The bench taking note of the submissions of the Parties and the deposition of the victim referred to the judgment of the Supreme Court in the case of Aman Kumar and Another Vs. State of Haryana [(2004) 4 SCC 379], wherein the accused was convicted by the trial court under Section 376(2)(g) of the Indian Penal Code. In the said case, it was held in para 8 that in every crime, there is first, intention to commit, secondly, preparation to commit it, thirdly, attempt to commit it. If the third stage, that is, attempt is successful, then the crime is complete. In case the attempt fails, the crime is not complete, but the law punishes the person attempting the act which is punishable under Section 511 of Indian Penal Code. It has been held in para 9 of the said judgment that if a person fails to commit the offence due to reasons beyond his control, he is said to have attempted to commit the offence. Attempt to commit an offence can be said to begin when the preparations are complete and the culprit commences to do something with the intention of committing the offence and which is a step towards the commission of offence. It has also been held that the moment he commences to do an act with the necessary intention, he commences his attempt to commit the offence and mere intention to commit an offence, not followed by any act, cannot constitute an offence.
The bench noted that the present case is required to be examined in the light of the aforesaid law laid down by the Hon’ble Supreme Court considering the various stages i.e. intention, preparation, attempt and ultimate commission of offence. The distinction has also to be kept in mind between indecent assault amounting to outraging the modesty of the victim and attempt to rape. There can be no doubt that attempt to rape is an aggravated form of indecent assault.
It is required to be examined in the present case as to: Whether the intention and preparation of the petitioner was to commit rape upon the victims and whether such intention and preparation translated into an attempt to commit rape considering the conduct of the accused and circumstances of the case.
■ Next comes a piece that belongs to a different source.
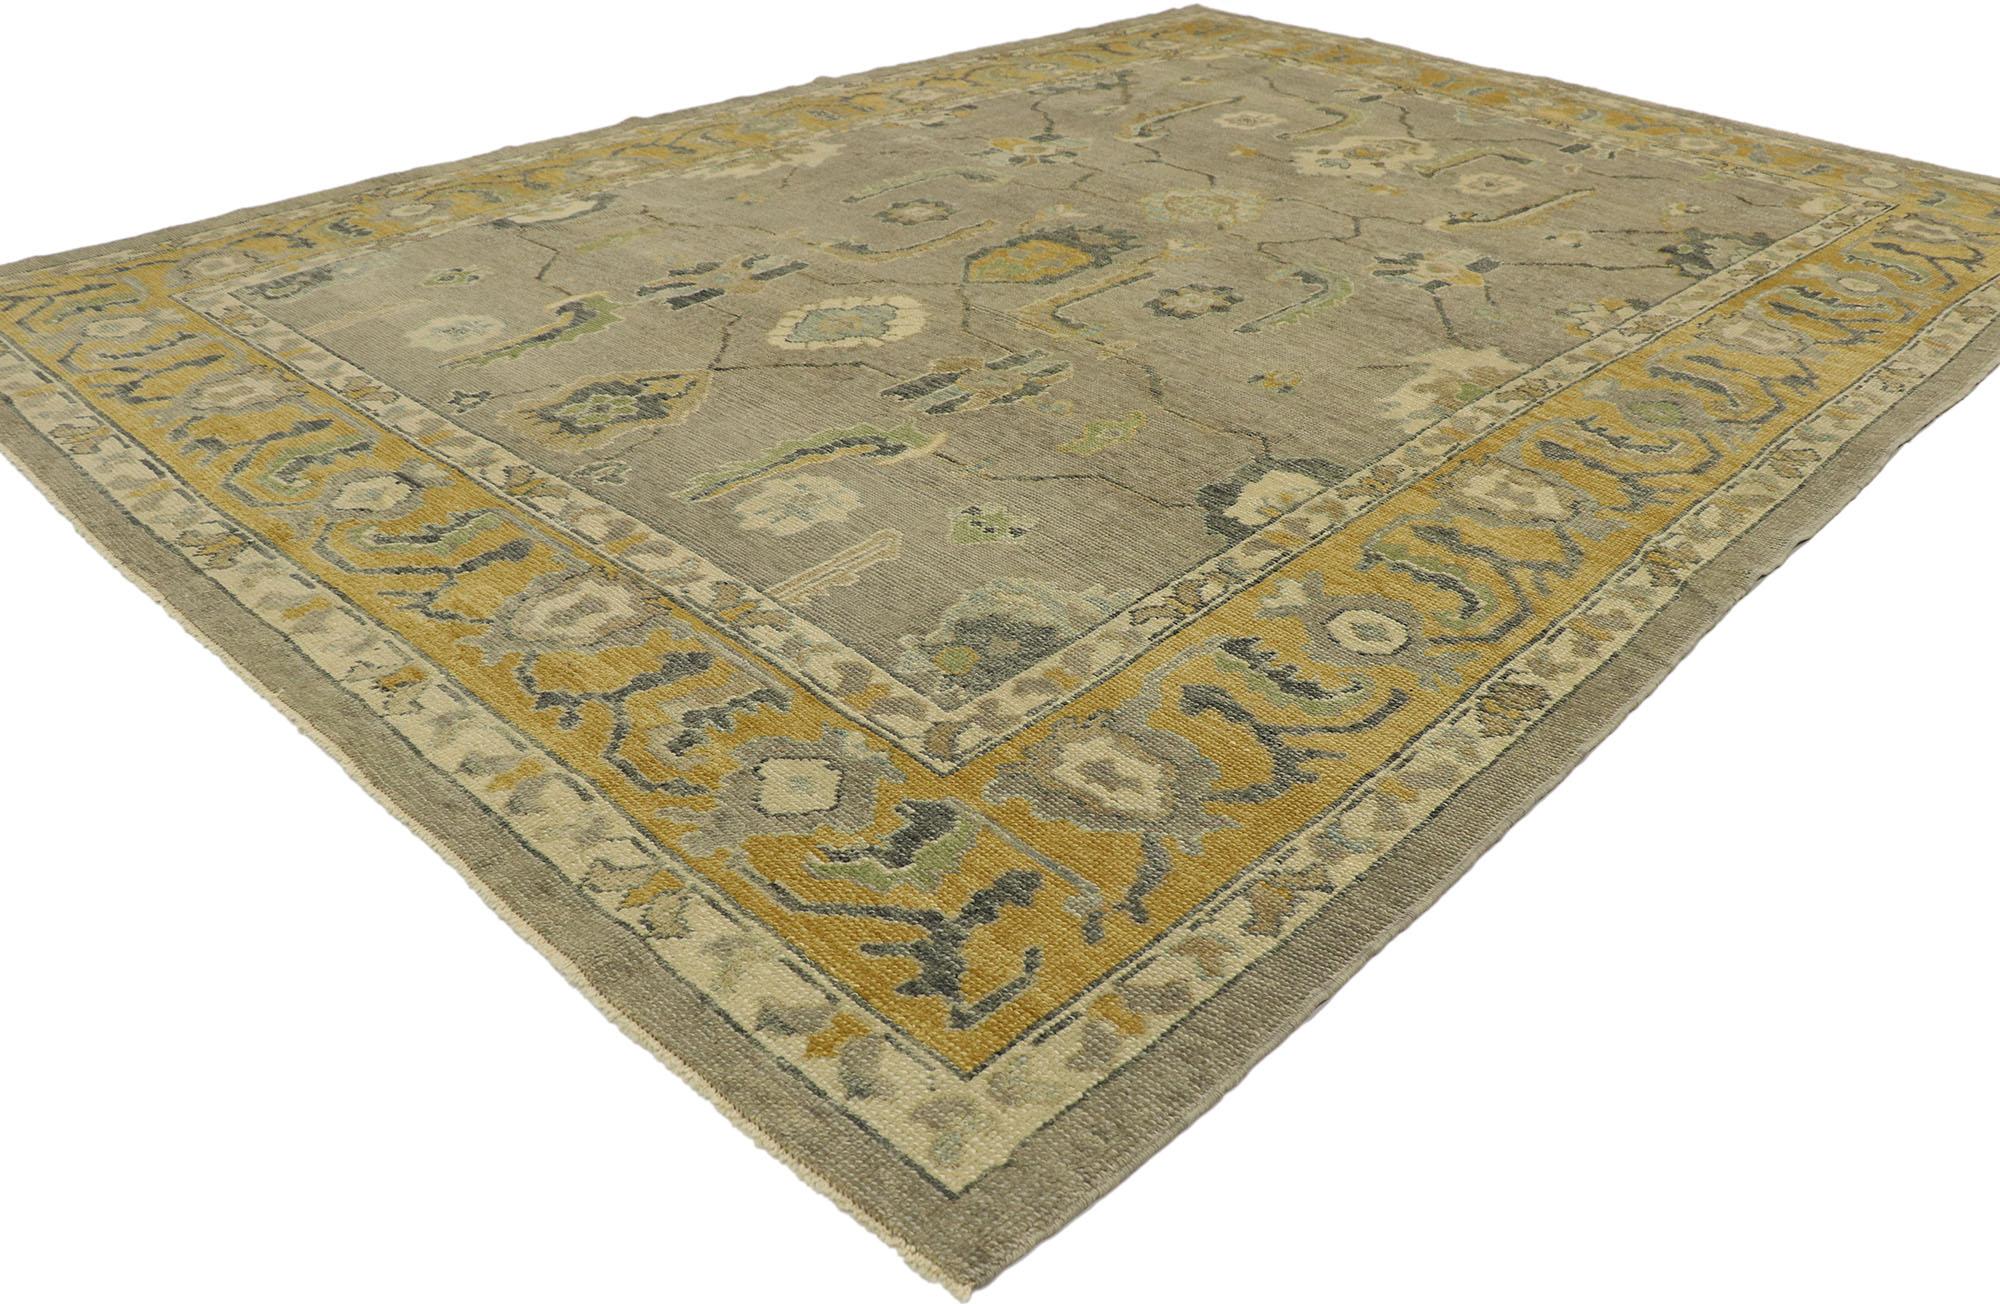 53206, new contemporary Turkish Oushak rug with Modern Transitional style. Blending elements from the modern world with earth-tone colors, this hand knotted wool contemporary Turkish Oushak rug will boost the coziness factor in nearly any space. The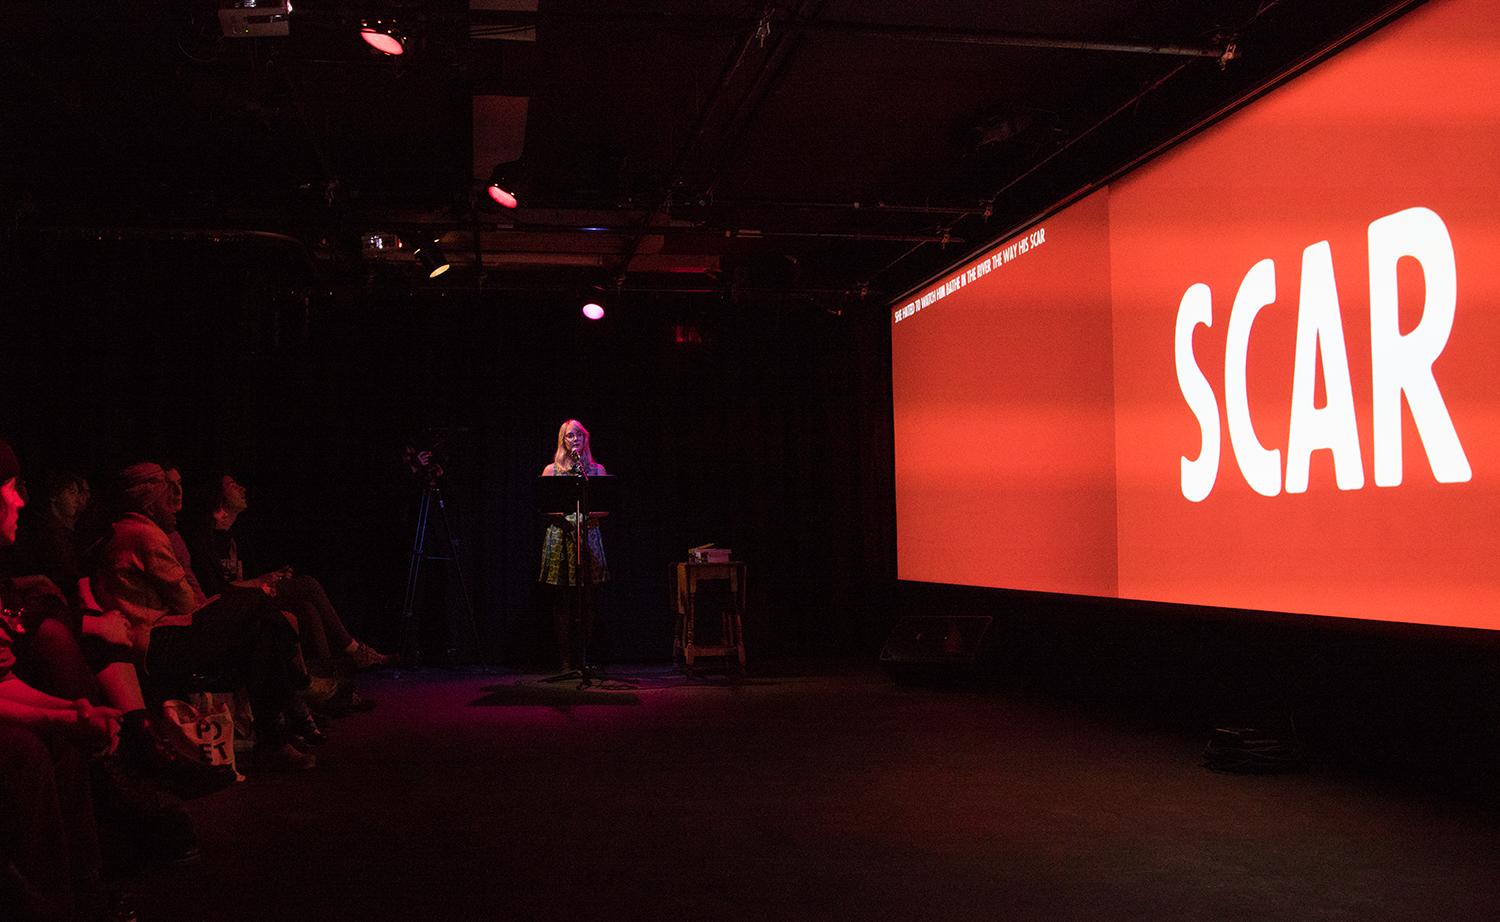 Poet Meghann Plunkett standing in front of a large projected screen with the word SCAR

The bench dismissing the criminal revision petition noted, “In view of the aforesaid discussions and findings and considering the entire facts and circumstances of this case, this Court is of the considered view that the learned courts below have passed well-reasoned judgments considering every aspect of the matter and every argument advanced on behalf of the petitioner. There being no perversity or illegality in the impugned judgments of conviction and sentence, no interference is called for. Considering the nature of offence and the manner it has been committed, any lenient view in the matter of sentence will defeat the ends of justice as substantial justice has been done by the impugned judgments. Accordingly, this criminal revision petition is hereby dismissed.”